◆ Task ◆
In the listing below, locate the line with "Planet Organic Herbal" and the line with "Travis Kelce The", then output both and everything between them exactly, minus any pictures.

◆ Supplied information ◆
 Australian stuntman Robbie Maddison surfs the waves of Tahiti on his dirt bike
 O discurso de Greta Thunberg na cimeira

==

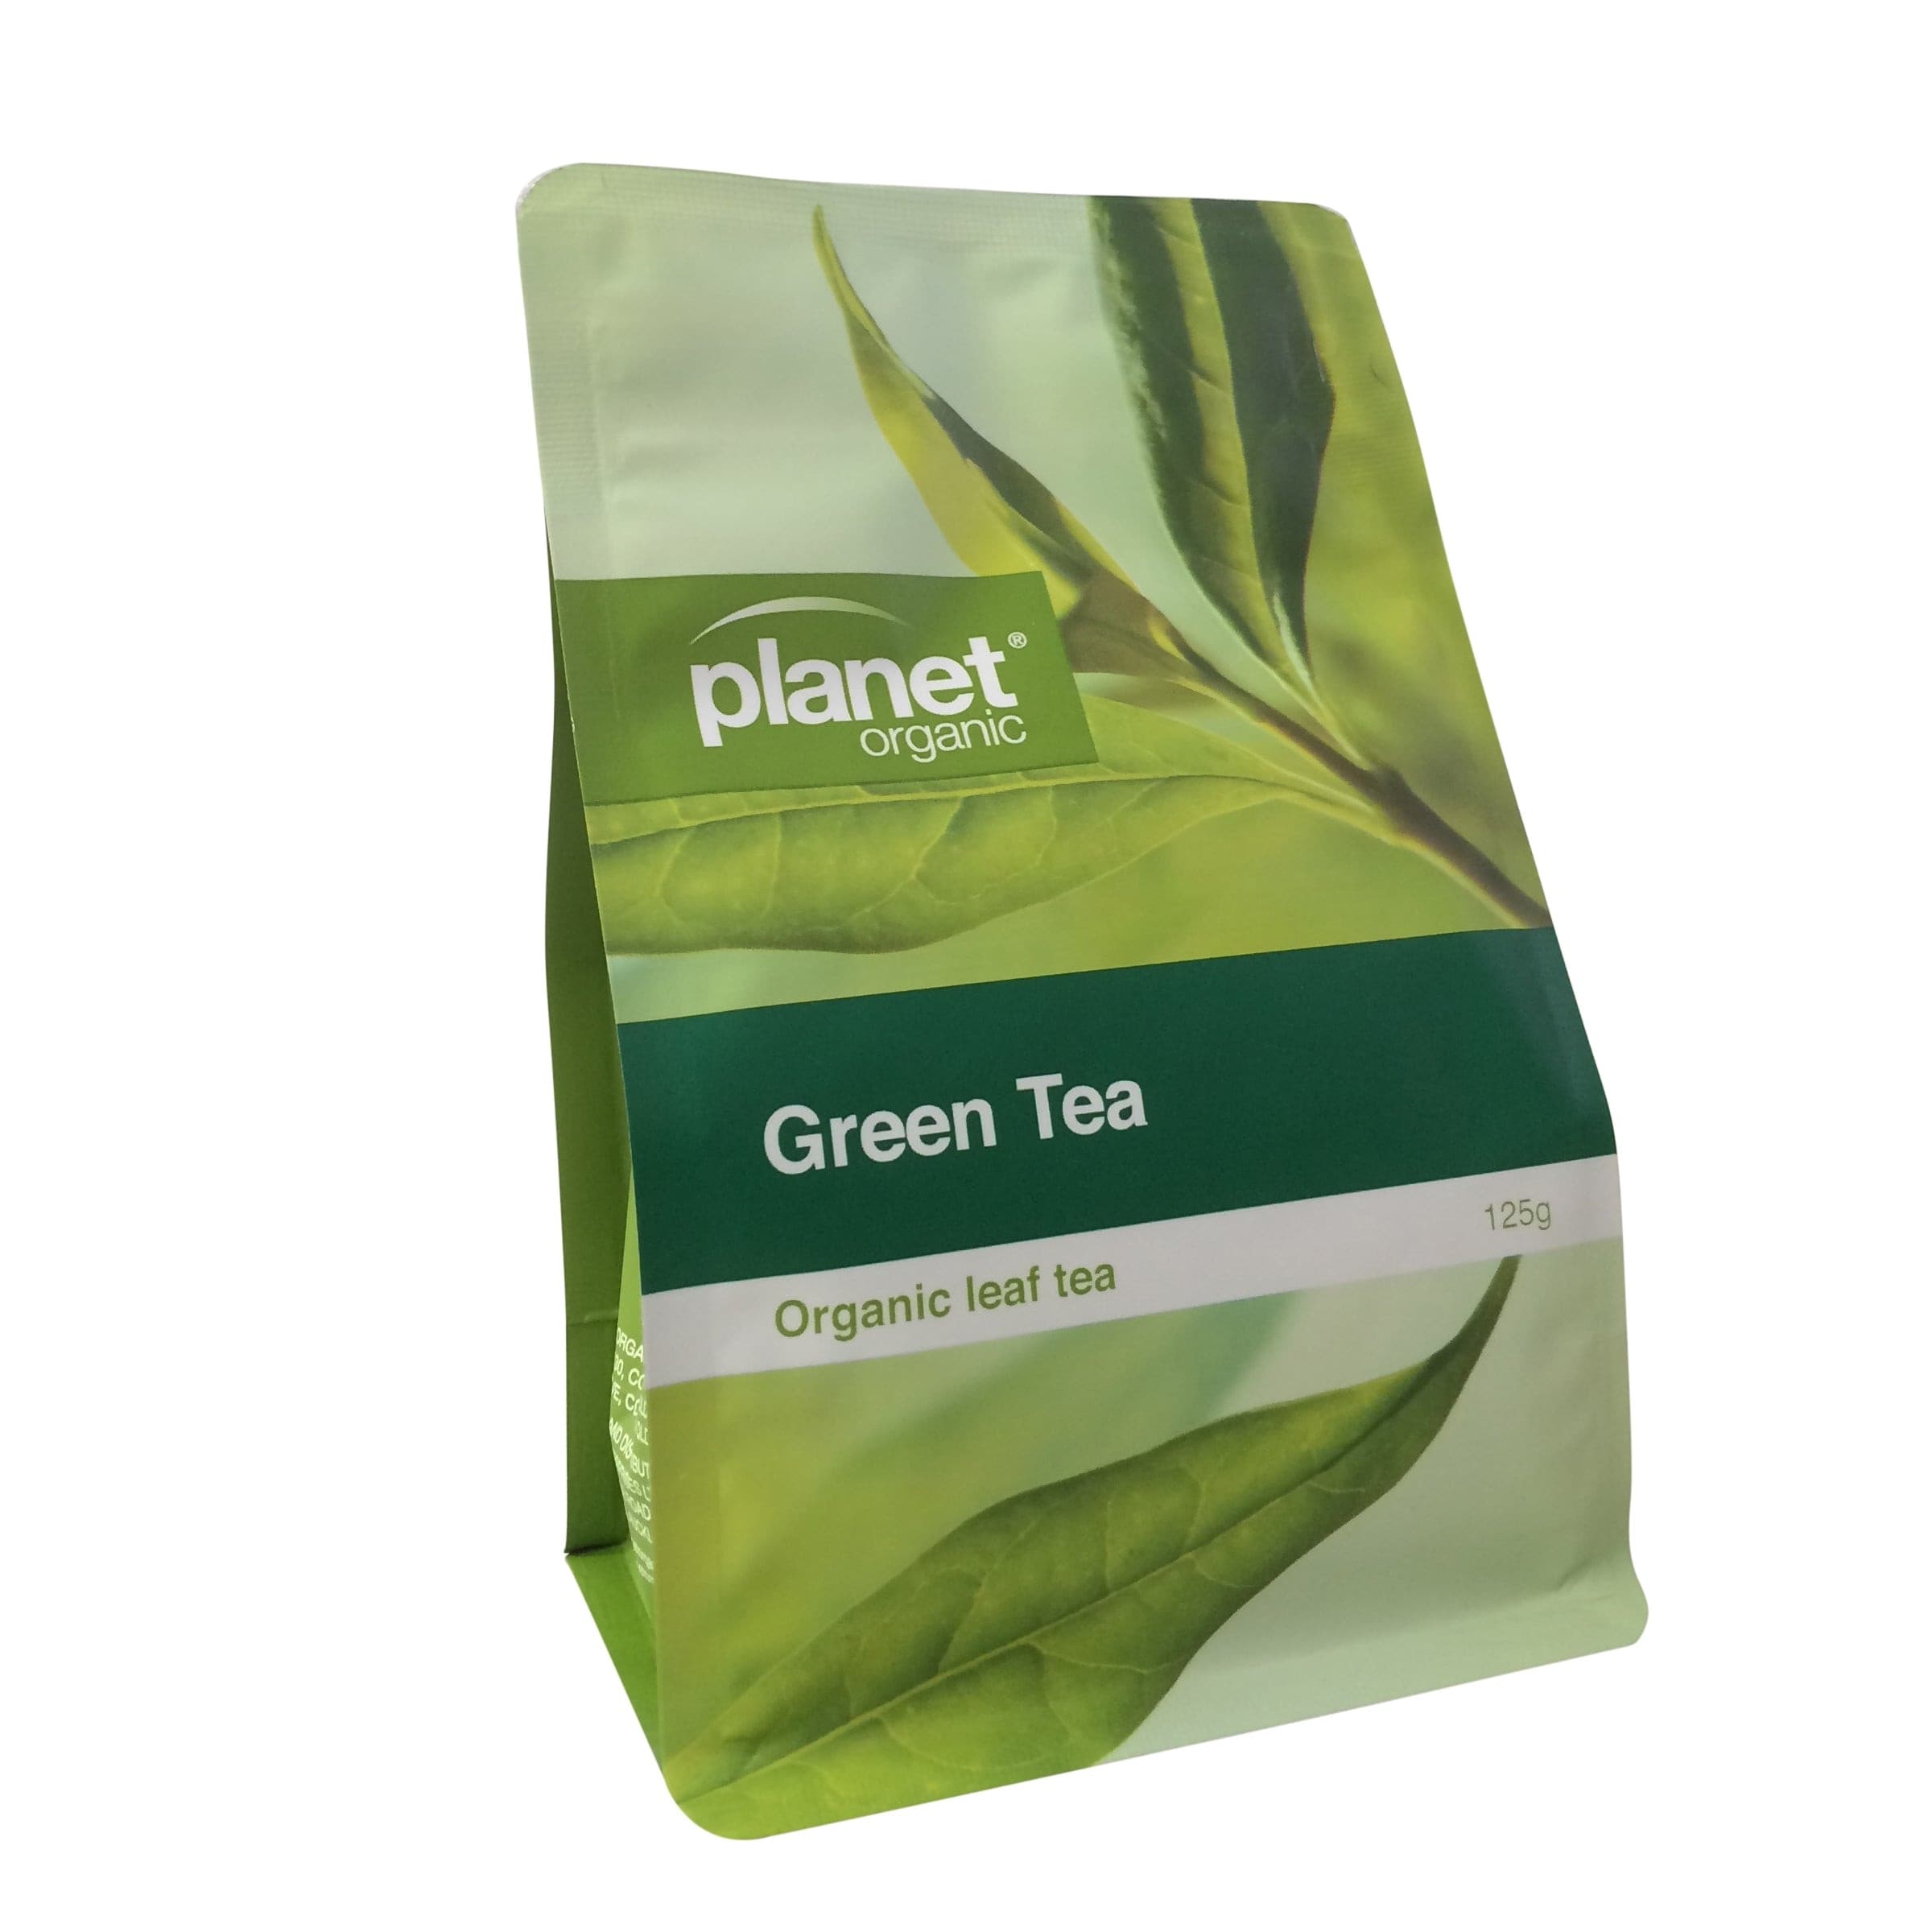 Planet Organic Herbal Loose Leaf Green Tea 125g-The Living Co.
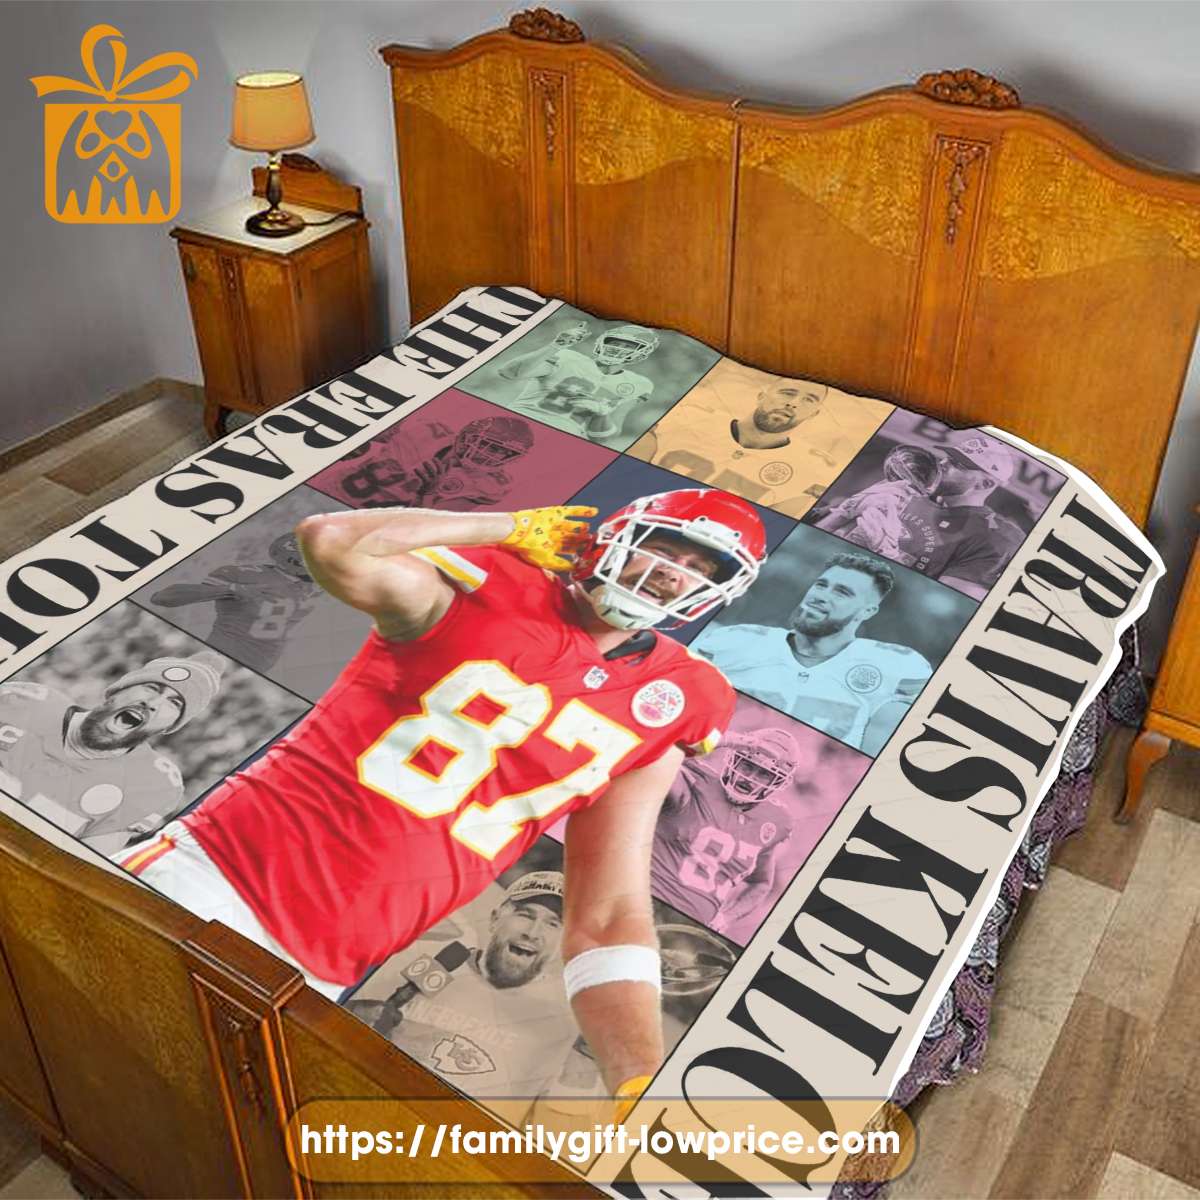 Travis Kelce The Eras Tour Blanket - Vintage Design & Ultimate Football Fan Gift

◆ Response for this exercise ◆
 Planet Organic Herbal Loose Leaf Green Tea 125g-The Living Co.
 Travis Kelce The Eras Tour Blanket - Vintage Design & Ultimate Football Fan Gift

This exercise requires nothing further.